Call the fencers $A$, $B$, $C$, $D$, and $E$.
First $A$ and $B$ duel, by symmetry we assume $A$ wins. Then $C$ and $D$ duel, we assume $C$ wins. Next $A$ and $C$ duel, we assume $A$ wins. Now we have $E$ and $C$ duel.

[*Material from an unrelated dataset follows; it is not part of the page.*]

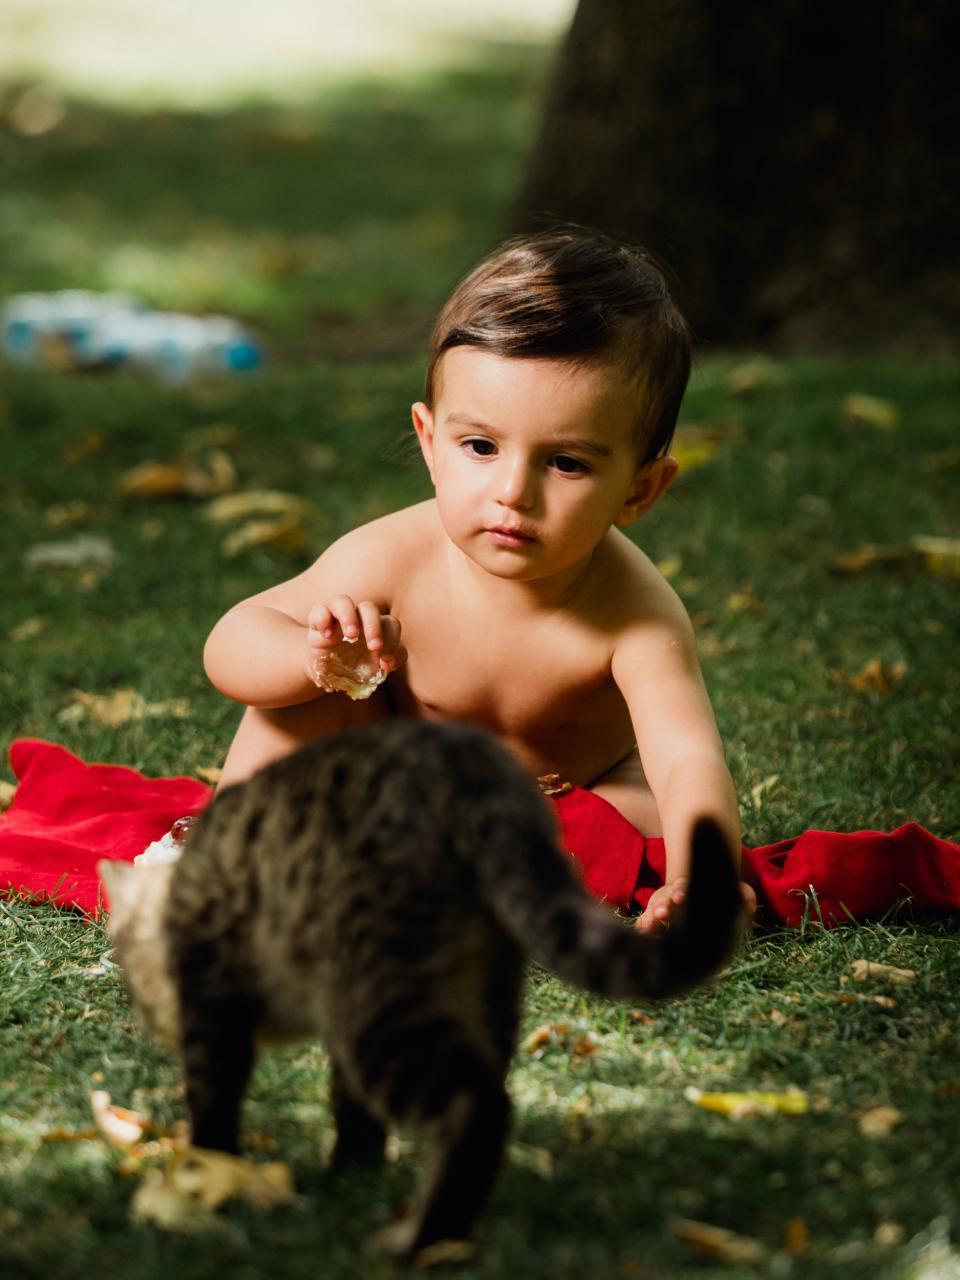 Children-Photography-7.jpg

Here we separate into cases.

  1. $E$ beats $C$. We then have $B$ and $C$ duel.

    a. $B$ beats $C$. There are three possible orderings: $A>B>E>C>D$, $A>E>B>C>D$, and $E>A>B>C>D$, and two more duels ($E$ vs $A$, then $E$ vs $B$) determine the ordering.

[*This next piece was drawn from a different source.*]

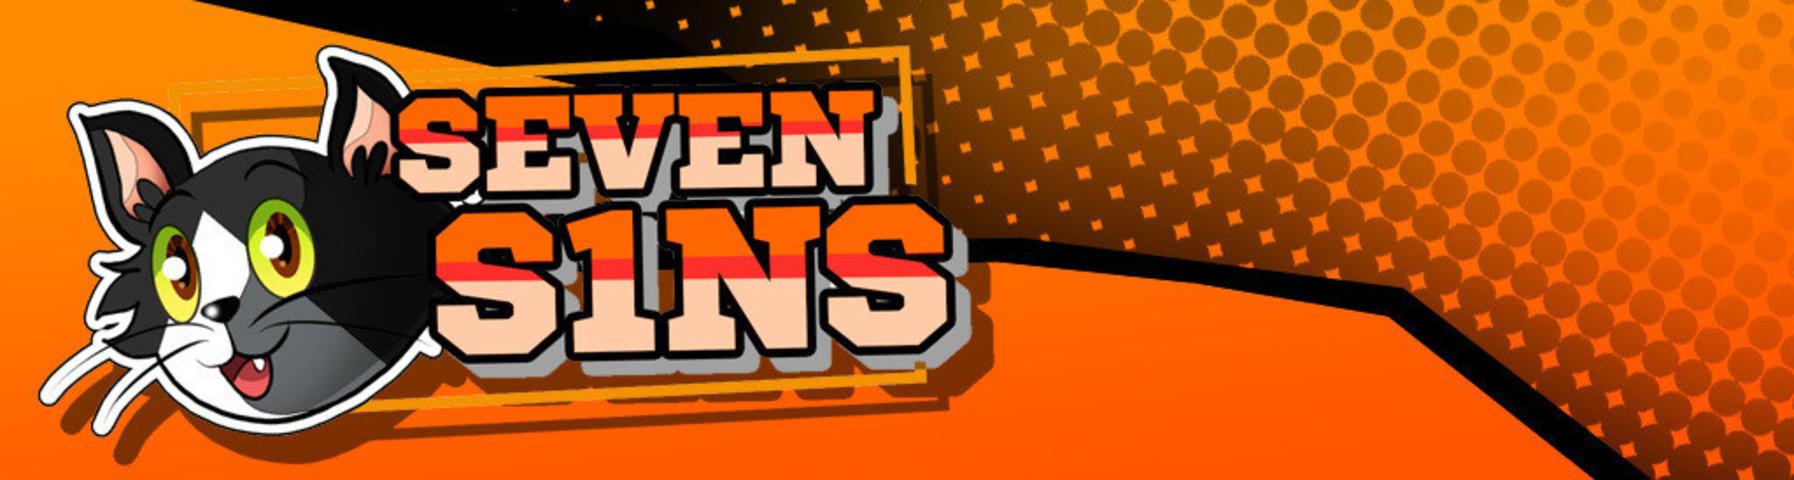 SevenS1ns

    b. $C$ beats $B$. There are four possible orderings: $A>E>C>B>D$, $E>A>C>B>D$, $A>E>C>D>B$, and $E>A>C>D>B$, and two more duels ($A$ vs $E$, then $B$ vs $D$) determine the ordering.

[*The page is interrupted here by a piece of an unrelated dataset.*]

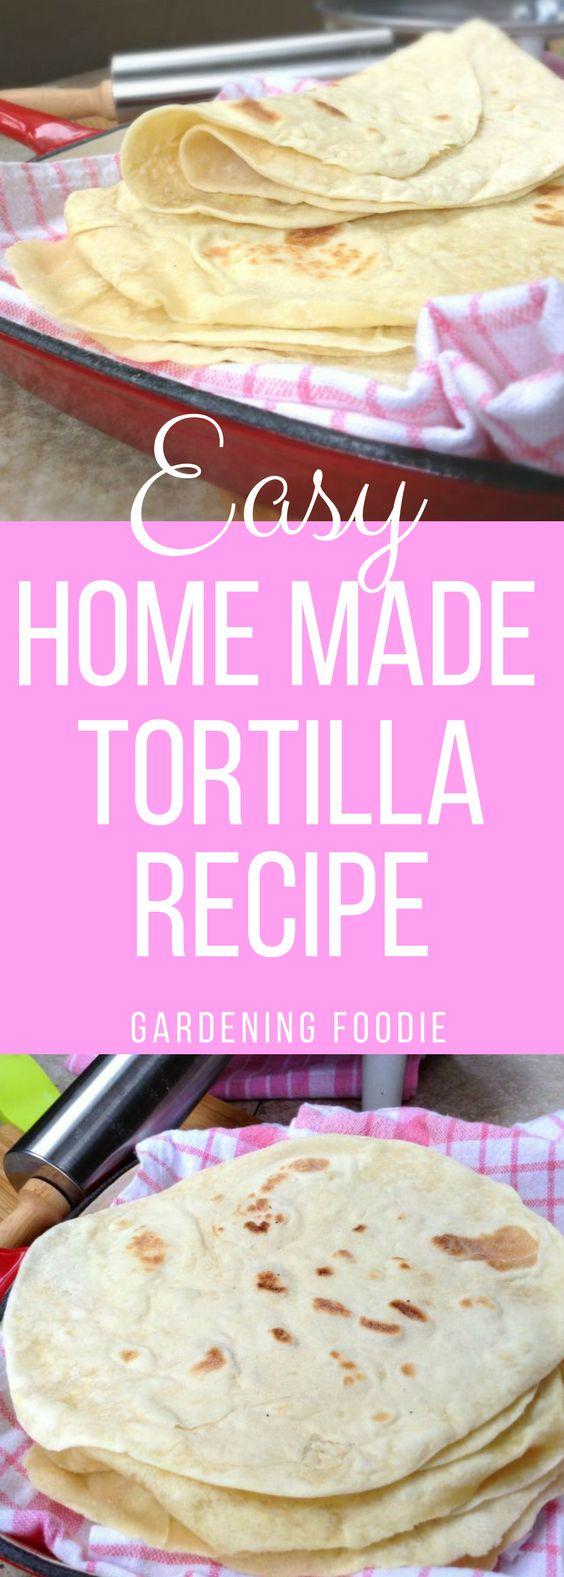 Easy Homemade Flour Tortilla Recipe ⋆ Gardening Foodie

  2. $C$ beats $E$. We then have $E$ duel $D$.

    a. $E$ beats $D$. We then have $B$ duel $E$.

    (i): $B$ beats $E$. There are only two possible orderings: $A>B>C>E>D$ and $A>C>B>E>D$, and having $B$ and $C$ duel determines the ordering.

    (ii): $E$ beats $B$. There are only two possible orderings: $A>C>E>B>D$ and $A>C>E>D>B$, and having $D$ and $B$ duel determines the ordering.

    b. $D$ beats $E$. We then have $B$ and $D$ duel.

    (i): $B$ beats $D$. There are only two possible orderings: $A>B>C>D>E$ and $A>C>B>D>E$, and having $B$ and $C$ duel determines the ordering.

    (ii): $D$ beats $B$. There are only two possible orderings: $A>C>D>B>E$ and $A>C>D>E>B$, and having $B$ duel $E$ determines the ordering.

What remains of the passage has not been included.